• [RECORDS TO USE]:
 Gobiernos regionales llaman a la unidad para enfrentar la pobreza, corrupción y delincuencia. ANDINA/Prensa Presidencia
---
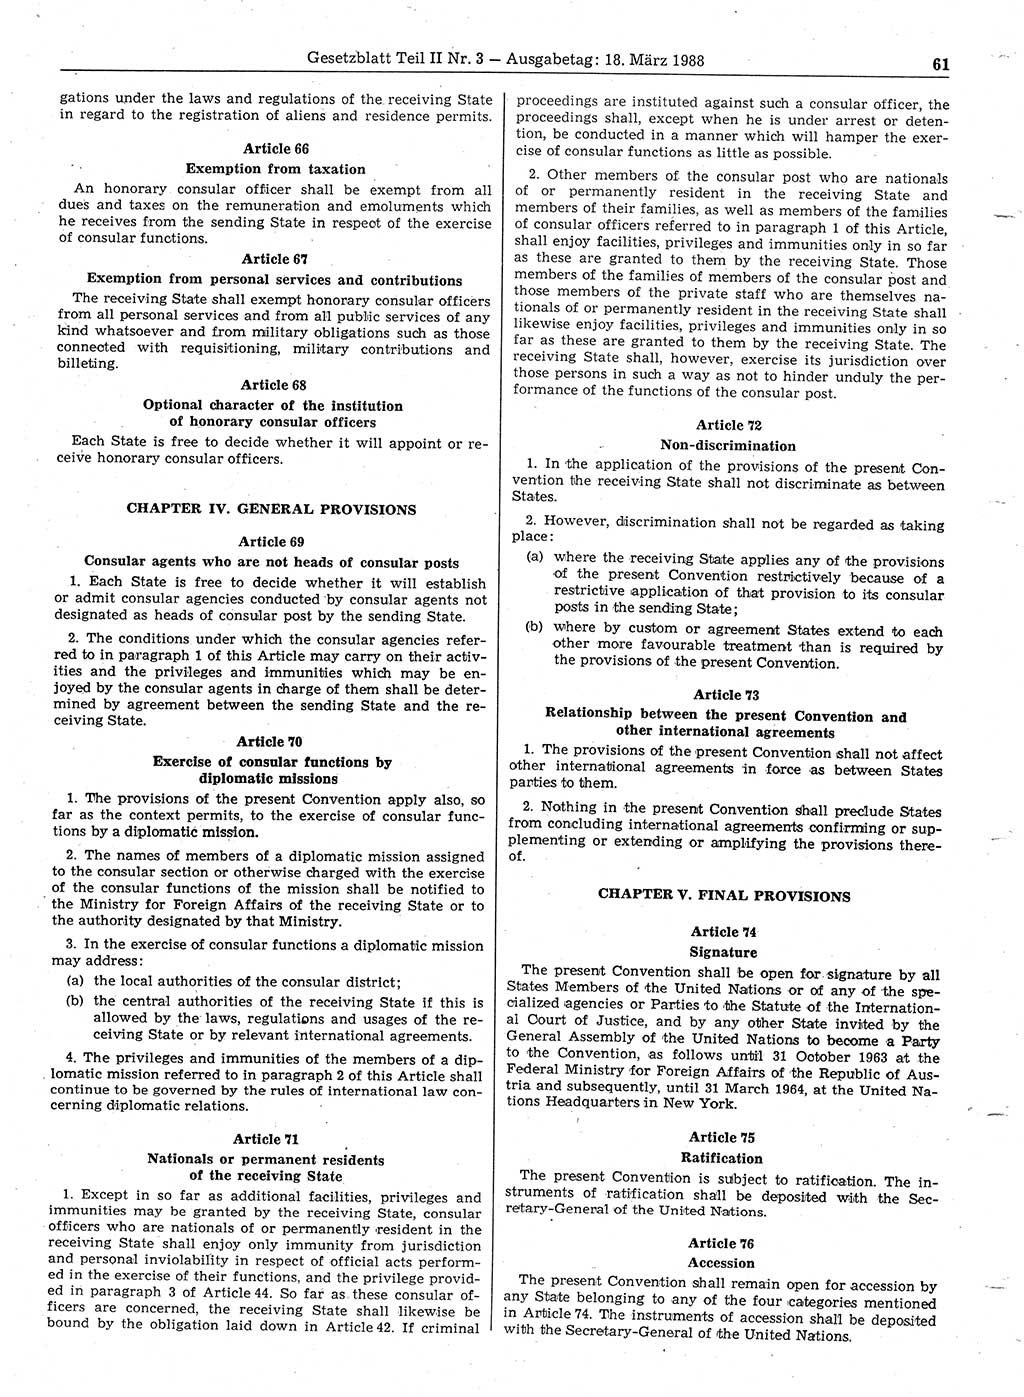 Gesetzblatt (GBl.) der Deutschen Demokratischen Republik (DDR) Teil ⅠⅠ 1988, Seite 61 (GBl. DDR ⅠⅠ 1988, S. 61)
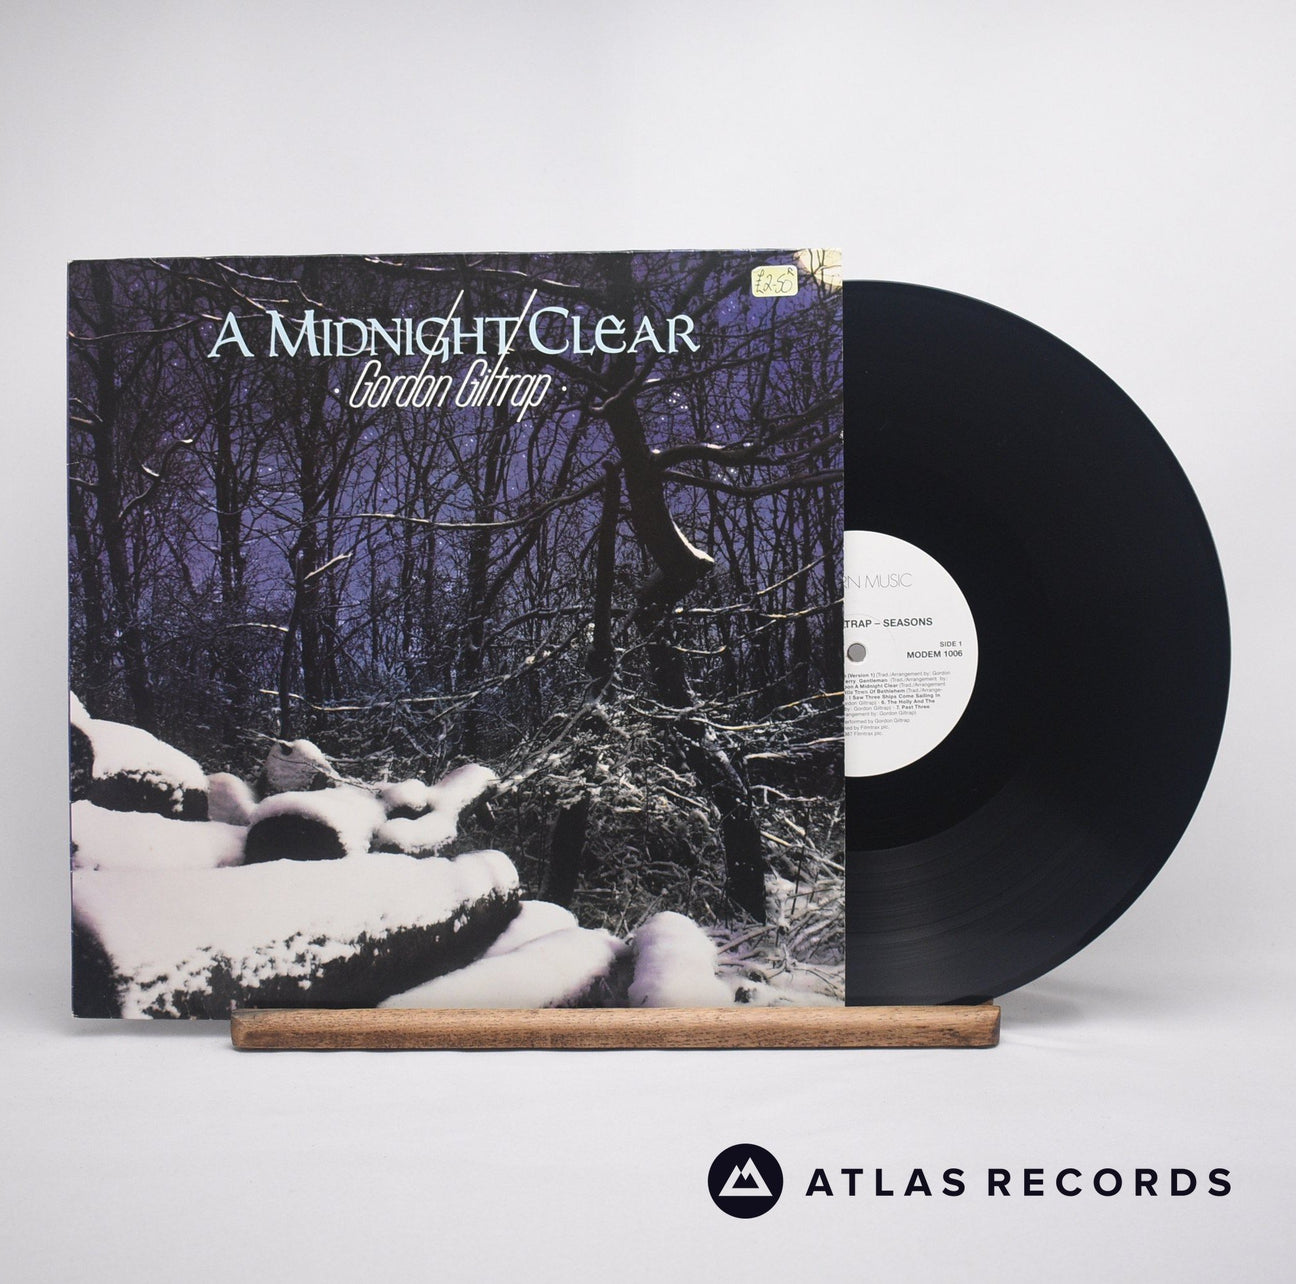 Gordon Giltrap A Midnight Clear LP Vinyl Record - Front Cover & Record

• [ASSIGNMENT]: Starting with the line that has "Gesetzblatt (GBl.) der" and going on through the line that has "Gordon Giltrap A", transcribe the records above exactly, but skip the pictures.

• [SOLUTION TO THE PROBLEM]:
 Gesetzblatt (GBl.) der Deutschen Demokratischen Republik (DDR) Teil ⅠⅠ 1988, Seite 61 (GBl. DDR ⅠⅠ 1988, S. 61)
 Gordon Giltrap A Midnight Clear LP Vinyl Record - Front Cover & Record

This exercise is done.